In Vivo Study of Human Endothelial-Pericyte Interaction Using the Matrix Gel Plug Assay in Mouse

Ke Yuan 1,2, Mark E Orcholski 1,2, Ngan F Huang 2,3, Vinicio A de Jesus Perez 1,2
PMCID: PMC5226437  PMID: 28060266

Abstract

Angiogenesis is the process by which new blood vessels are formed from existing vessels. New vessel growth requires coordinated endothelial cell proliferation, migration, and alignment to form tubular structures followed by recruitment of pericytes to provide mural support and facilitate vessel maturation. Current in vitro cell culture approaches cannot fully reproduce the complex biological environment where endothelial cells and pericytes interact to produce functional vessels. We present a novel application of the in vivo matrix gel plug assay to study endothelial-pericyte interactions and formation of functional blood vessels using severe combined immune deficiency mutation (SCID) mice.

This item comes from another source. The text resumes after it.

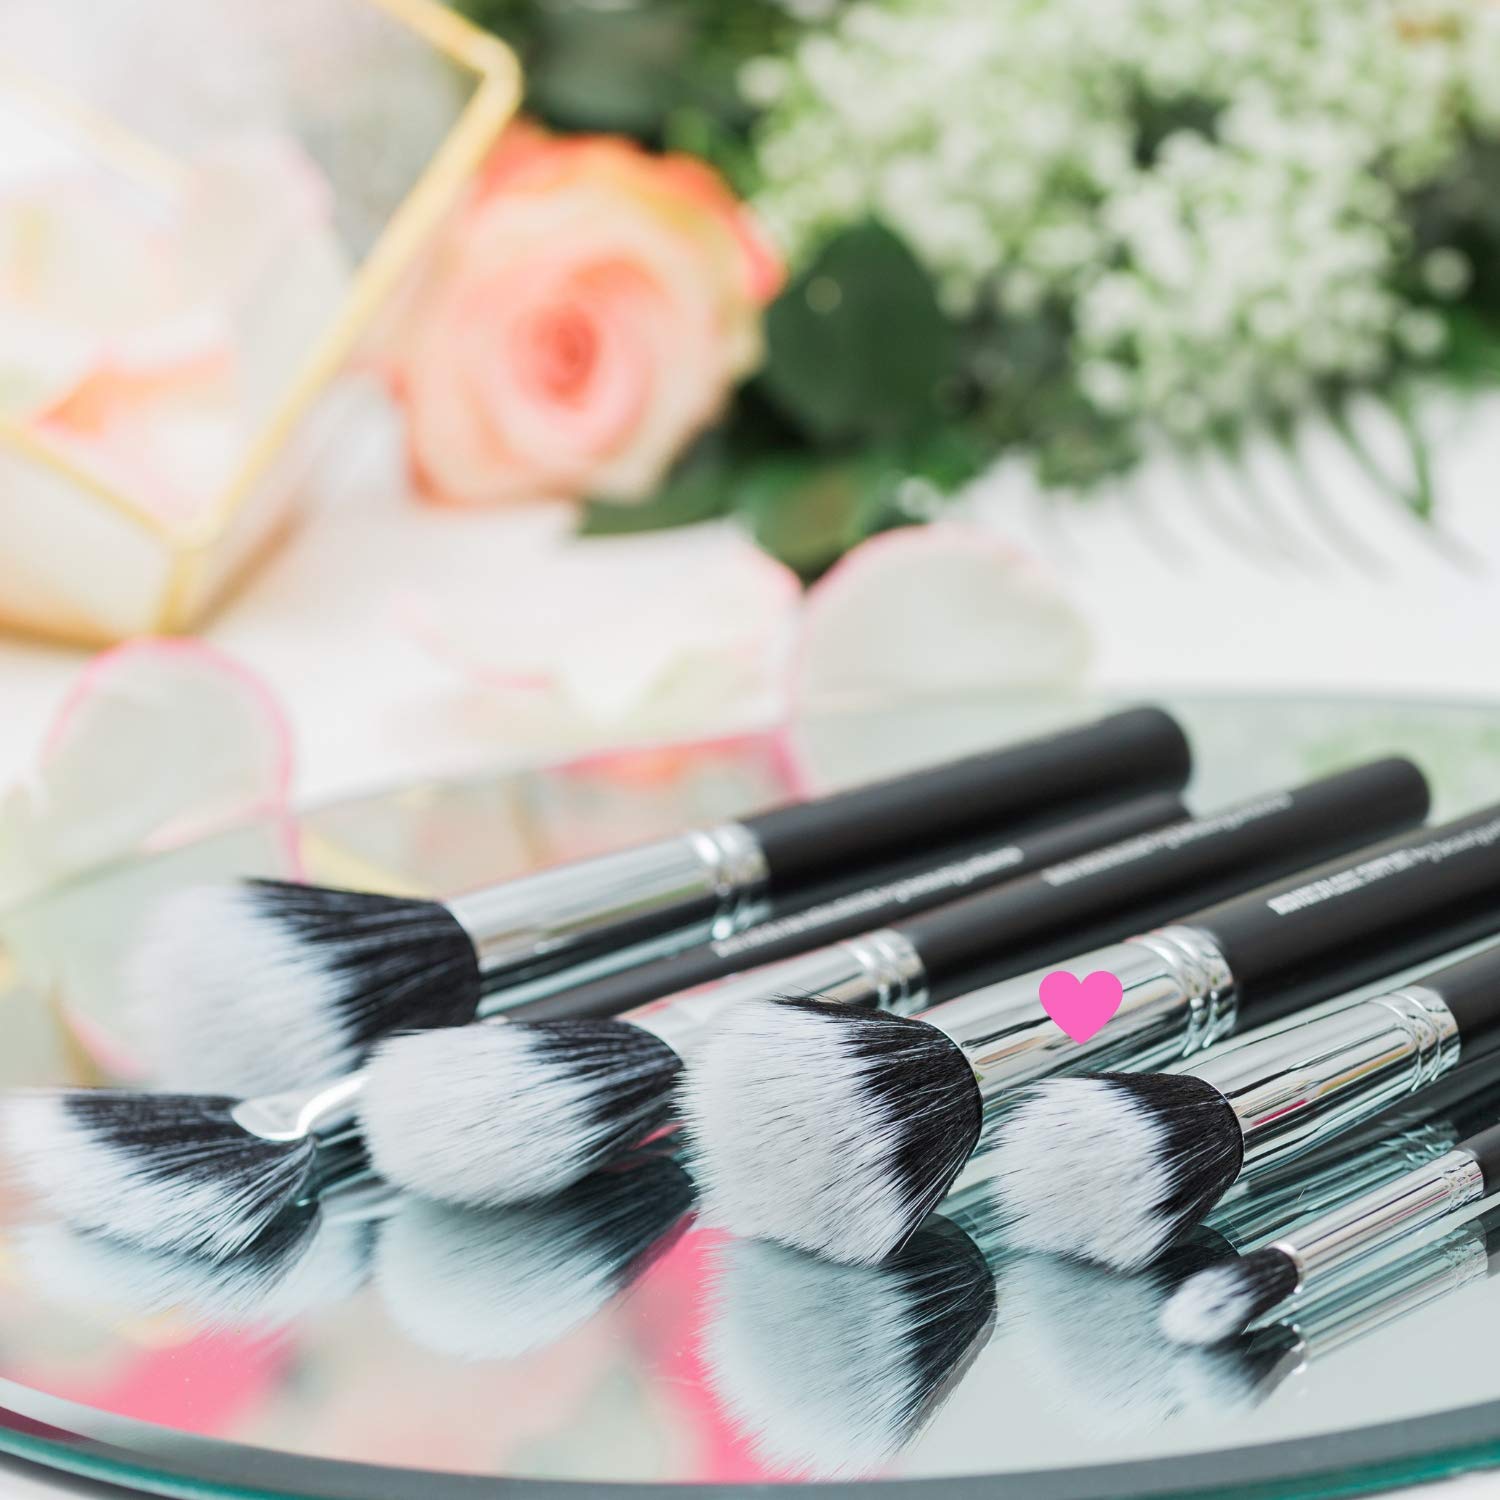 Large Stippling Foundation Makeup Brush – Beauty Junkees Flat Top Duo Fiber Synthetic Stipple Make Up Brushes, Sheer Flawless Blending Liquid, Cream, Powder Cosmetics, Vegan, Cruelty Free
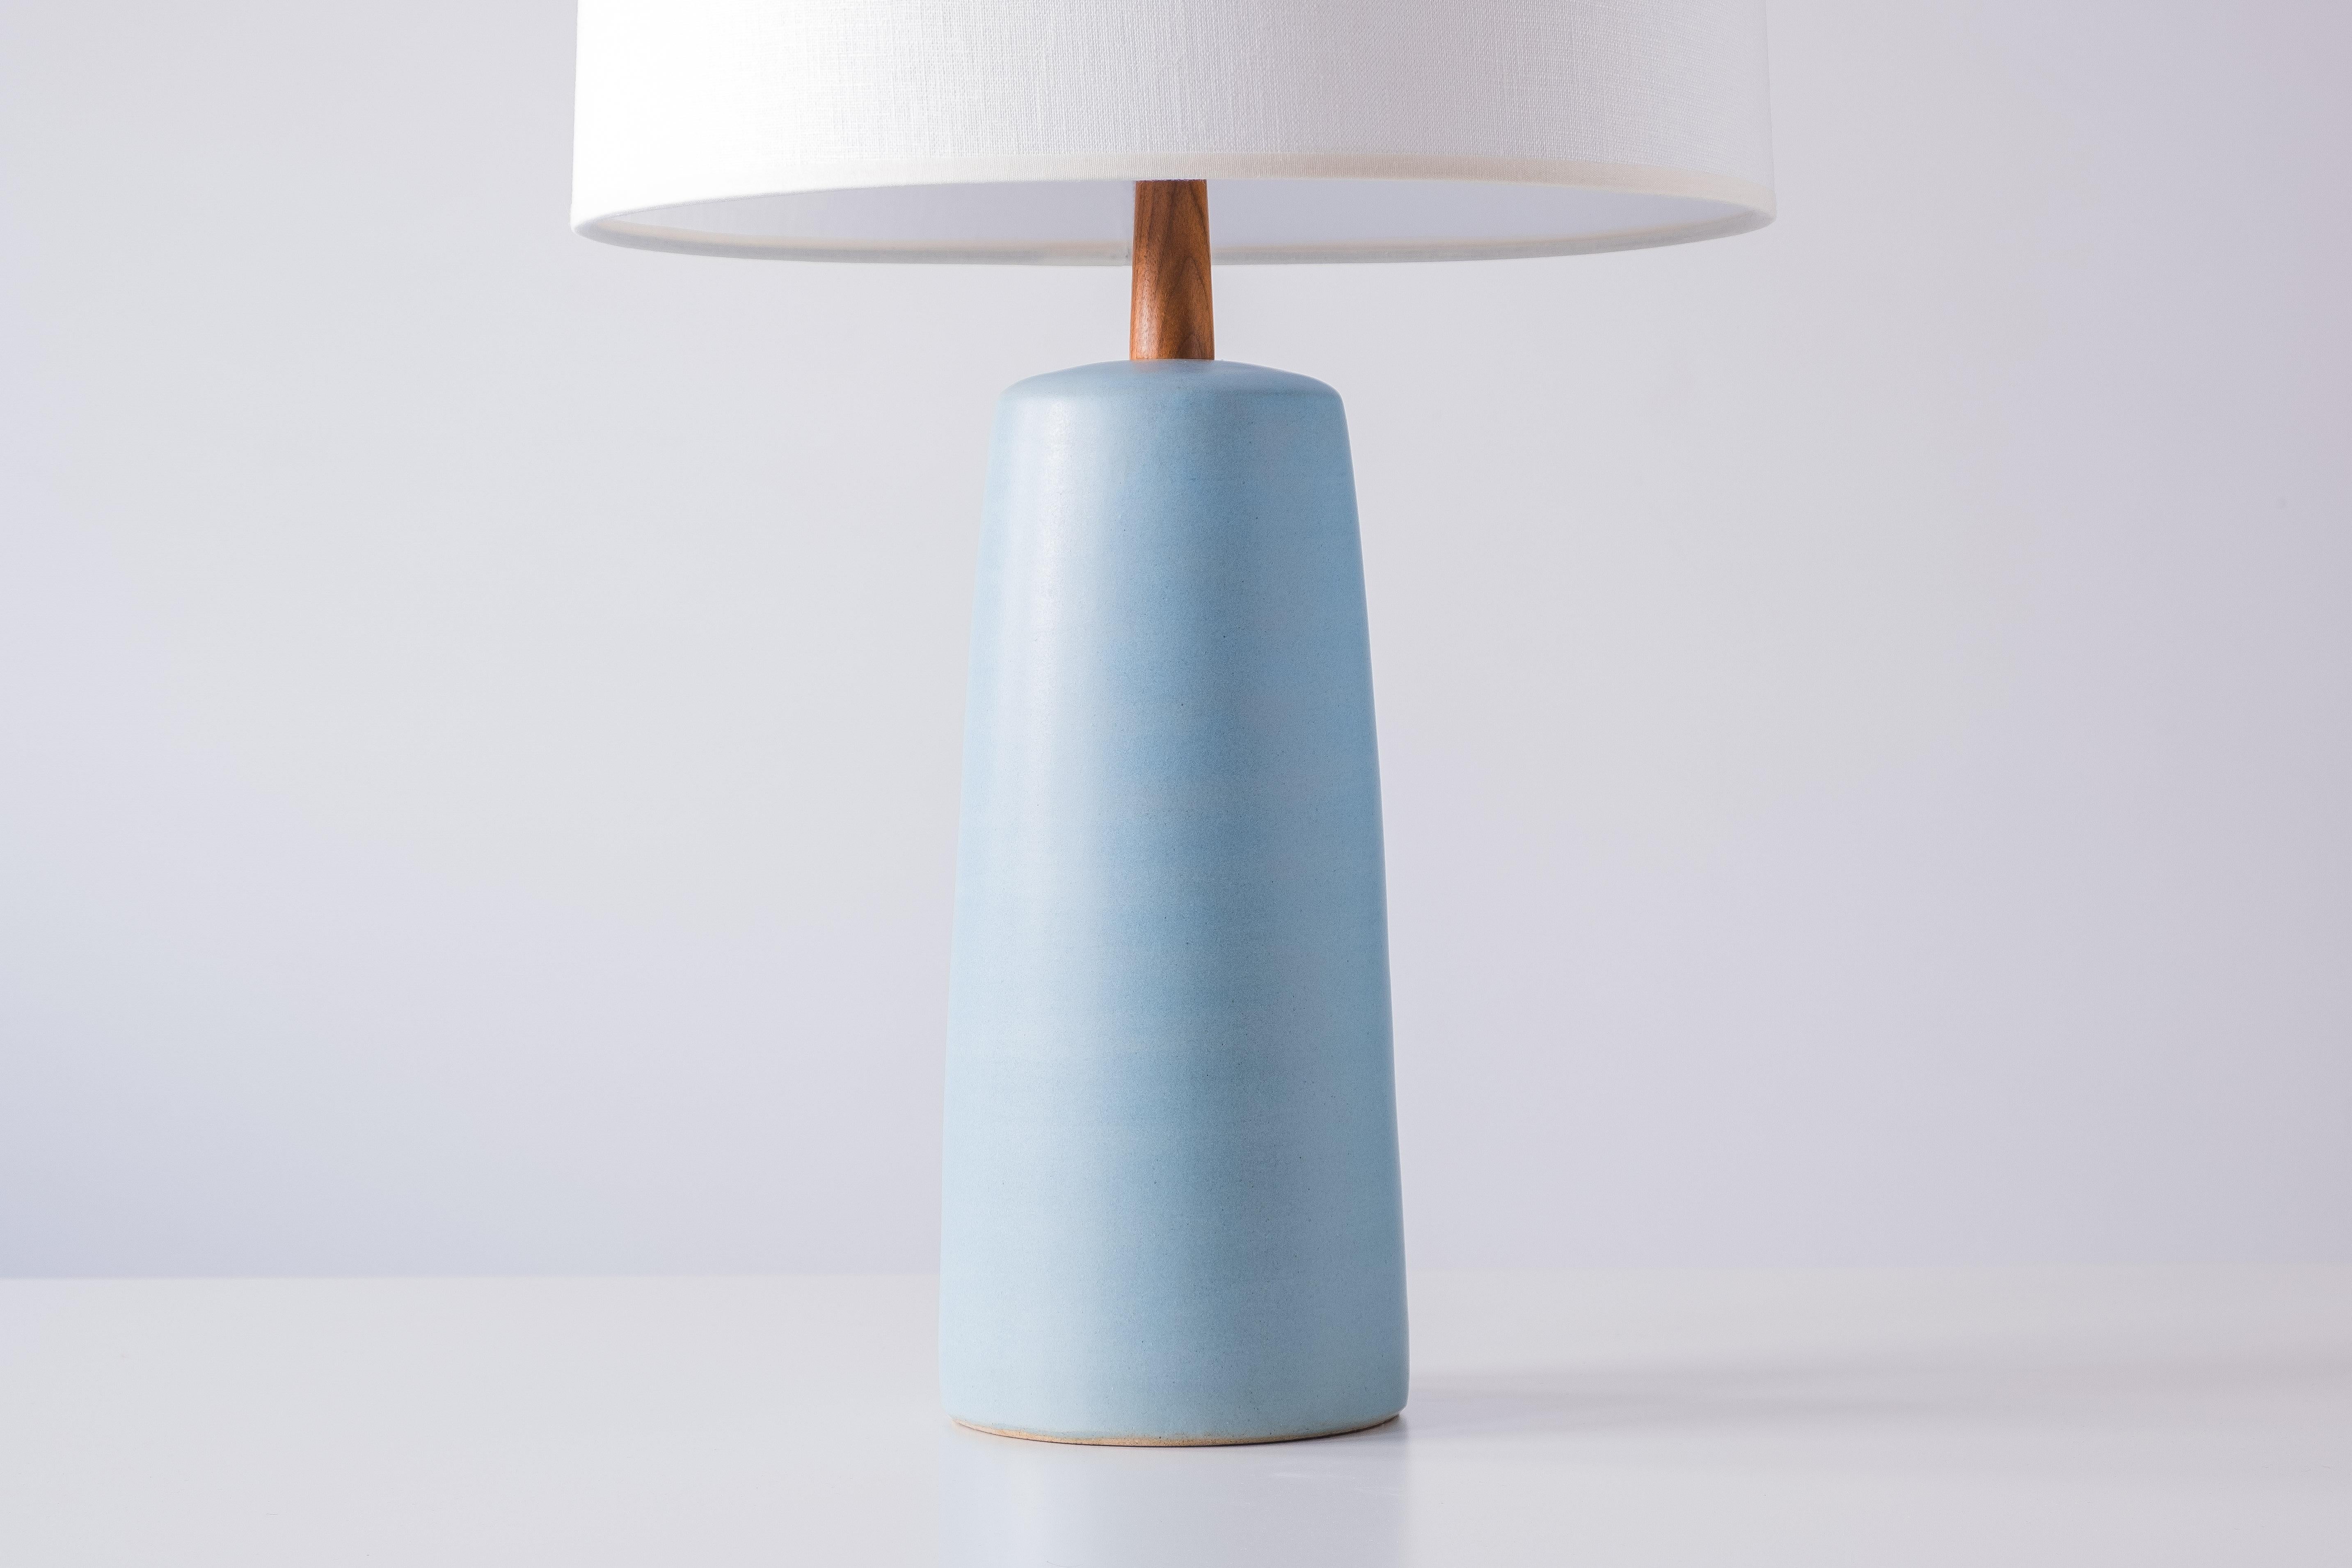 Glazed Gordon & Jane Martz / Marshall Studios Ceramic Table Lamp, Sky Blue

Briefly, matrix gel is mixed with a solution containing endothelial cells with or without pericytes followed by injection into the back of anesthetized SCID mice. After 14 days, the matrix gel plugs are removed, fixed and sectioned for histological analysis. The length, number, size and extent of pericyte coverage of mature vessels (defined by the presence of red blood cells in the lumen) can be quantified and compared between experimental groups using commercial statistical platforms. Beyond its use as an angiogenesis assay, this matrix gel plug assay can be used to conduct genetic studies and as a platform for drug discovery. In conclusion, this protocol will allow researchers to complement available in vitro assays for the study of endothelial-pericyte interactions and their relevance to either systemic or pulmonary angiogenesis.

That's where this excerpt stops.